As he shows off the Dunboyne fit-out, McCormack says the chain is reshaping how pharmacies operate. It's not cheap. Pharmacies joining CarePlus may invest €100,000 or more in transforming their premises.
But he says independents have little choice but to invest in new technology in an ultra-competitive sector.
"It takes a little bit of bravery but right now is a great time to invest," he says. "Retailers and corporates that are going to win right now are the ones looking at the crisis and saying: where is the resurgence coming from and how do we get ready?"
Navi expects to win converts to the new CarePlus design in part because 500 pharmacies nationwide are already clients of Navi's bulk purchasing platform, Axiom. It sources goods primarily from pharma wholesaler Uniphar and directly from manufacturers.
Despite being new to the pharmacy business, McCormack says he's managed rapid retail change for decades.
From Dundrum, Co Dublin, he trained as an accountant after school at St Benildus College in nearby Kilmacud. He joined Musgrave in 2000 after three-year spells as a graduate trainee at pallet maker Chep and as finance director of Colgate's Irish operations.
Initially he was commercial director of Musgrave's wholesale division, overseeing buying and marketing for cash-and-carry units and supplying corner shops.
His next task was to turn around Musgrave's food services unit supplying hotels, restaurants, pubs and caterers.
"In the space of four years, we took that business from being declining and loss-making to being very rapidly growing and profitable," he says.
"We didn't sufficiently understand what the customers really wanted. We had to simplify and improve efficiency throughout our offering. It involved lots of restructuring of the distribution network, and improvements in how we managed relationships with customers and understood what was important to them.
"Once we got that right, the business turned around quickly," he says, noting it went from losing €2m a year to a €4m gain in his final year.
Next came promotion to be marketing and trading director of Musgrave's 2011 acquisition Superquinn and, a year later, its managing director as Superquinn stores formally joined the SuperValu brand.

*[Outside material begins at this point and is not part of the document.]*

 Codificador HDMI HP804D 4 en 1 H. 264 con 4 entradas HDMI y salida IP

"Superquinn had lost its way a little bit. They had run out of cash so there was limited capital investment ability in the business. We were able to keep the fantastic quality associated with Superquinn, but we brought the power of Musgrave and the SuperValu brand behind that to deliver much better value. The consumer who had felt, 'Superquinn's stuff is great but I can't afford it' - we made it affordable."

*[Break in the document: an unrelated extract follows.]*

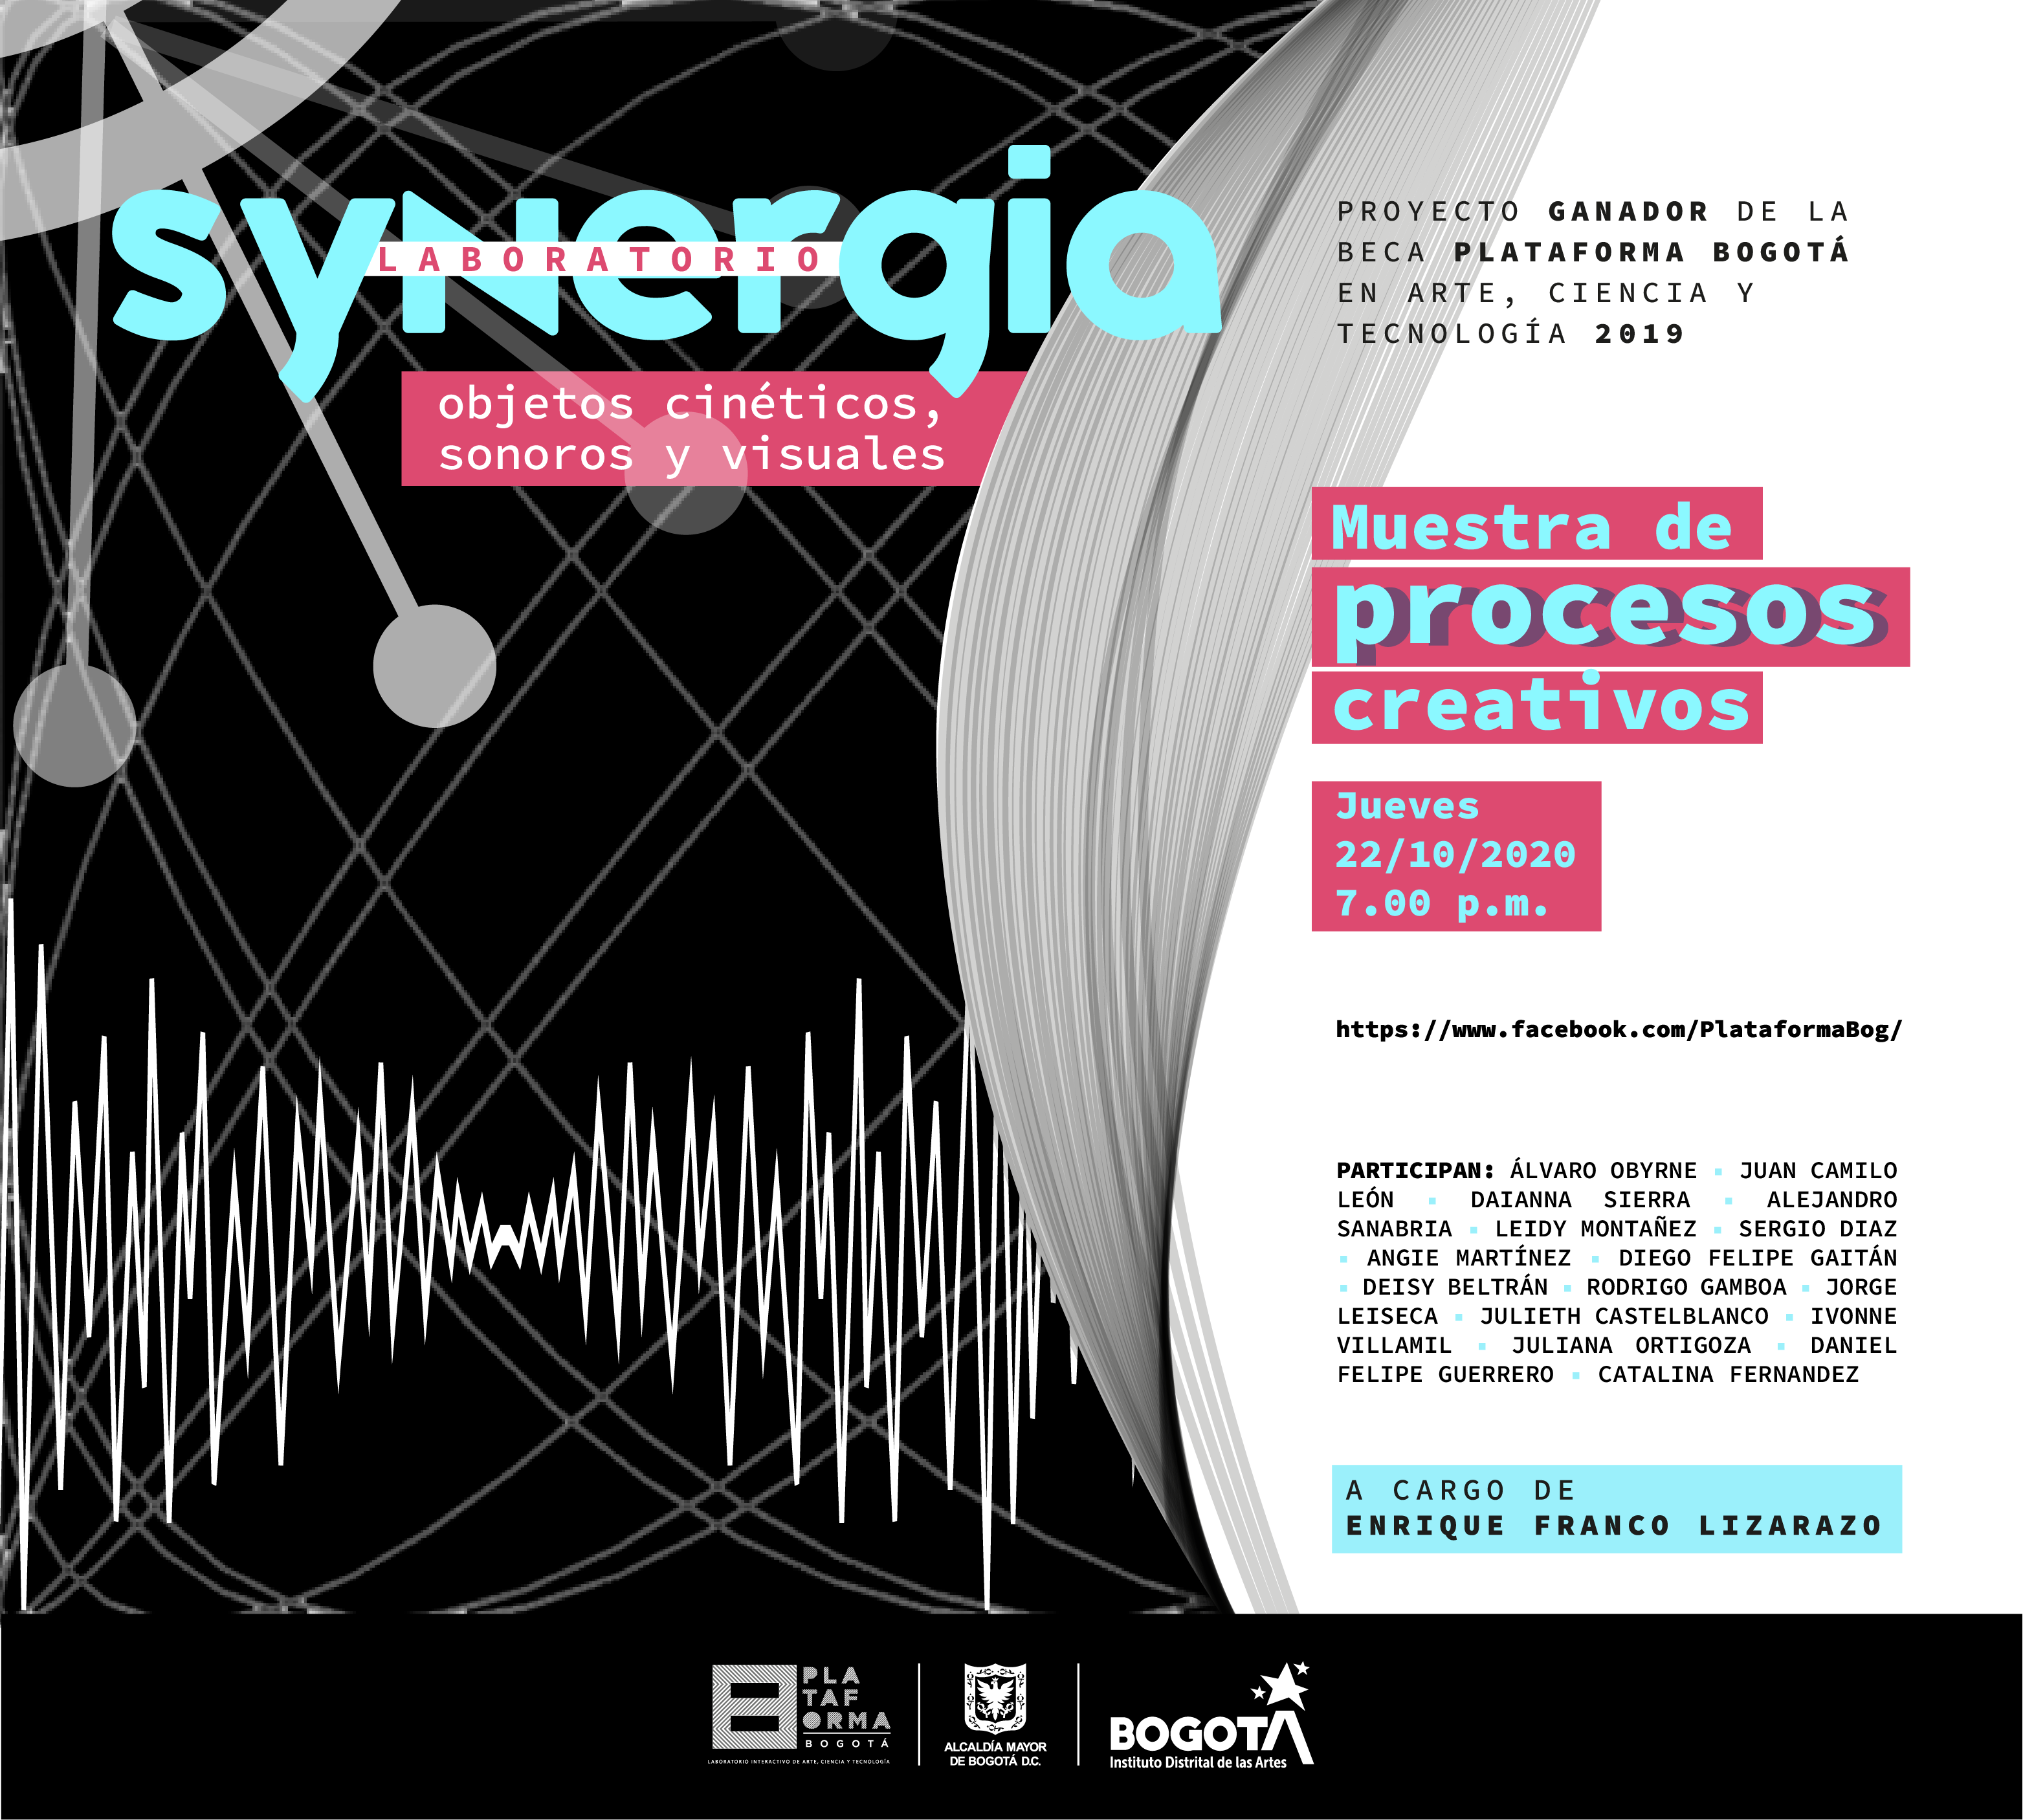 Laboratorio Synergia Objetos cinéticos, visuales y sonoros

Over the past year, as managing director of Donnybrook Fair, McCormack focused on harnessing the quality of its 100-chef food production unit in Clondalkin. As a result, he expects Donnybrook Fair-branded goods to appear soon in other Musgrave chains, including Frank & Honest coffee houses.
But when Navi Group CEO Simon Healy sounded him out for a move, McCormack says he saw "a chance not just to work with a brand, but to transform an industry".

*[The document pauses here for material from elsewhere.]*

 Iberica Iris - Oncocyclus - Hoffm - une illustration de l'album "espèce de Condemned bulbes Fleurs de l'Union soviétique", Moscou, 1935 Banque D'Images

He says automation and efficiency are essential "to make sure those community pharmacists have a successful and viable future. If you don't invest in your business and adapt, your business is going to die.
"Our job is to help independents survive - exactly what Musgrave did. All those independent food retailers, what are they now? They're SuperValus and Centras. They're still independent but part of a bigger team. They're successful because they work with a partner that's thinking about the future and working collaboratively.
"We want to do the same thing with CarePlus. All those community pharmacies out there - we don't want to put them out of business. We want to give them a solution that protects their future. But will they need to invest? Yeah, they will. Because in retail, you can never save your way to success."